H-m-m-m-m. A great serpent who ruled the underworld. I wonder who that might be in real life? Or in Carl Jung’s dreams?
We then meet Bradley T. Lepper, curator of archaeology at the Ohio Historical Society. We’re told this archeologist has been “visiting the serpent mound since he was a kid.”
Mr. Lepper: “My experiences here go well beyond my science. It always felt and it still feels like I’m coming to a church.”
A naturalist, Nancy Stranahan, agrees: “You’re quiet when you walk here…sensing the energy of a resting spirit.”
Waxing nostalgic for a pagan church that was imbued with the energy of a great serpent?

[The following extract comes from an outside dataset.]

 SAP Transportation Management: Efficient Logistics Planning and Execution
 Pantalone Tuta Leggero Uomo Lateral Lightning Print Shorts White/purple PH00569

Cue the four-note opening from the Twilight Zone theme. I found myself flashing back to a doctor’s office from several years ago. Waiting for my name to be called, I had picked up a travel magazine lying around and read an article about the Aztec pyramids in Central Mexico. The travel writer (now there’s a job!) had interviewed a local tour guide who was formerly a Catholic priest. The guide lamented the influence of Western civilization and most specifically the Christian faith – the primary civilizing influence of that civilization. He also grew nostalgic, wishing that neither had visited these lands; that instead the indigenous Aztec culture had been allowed to continue and flourish.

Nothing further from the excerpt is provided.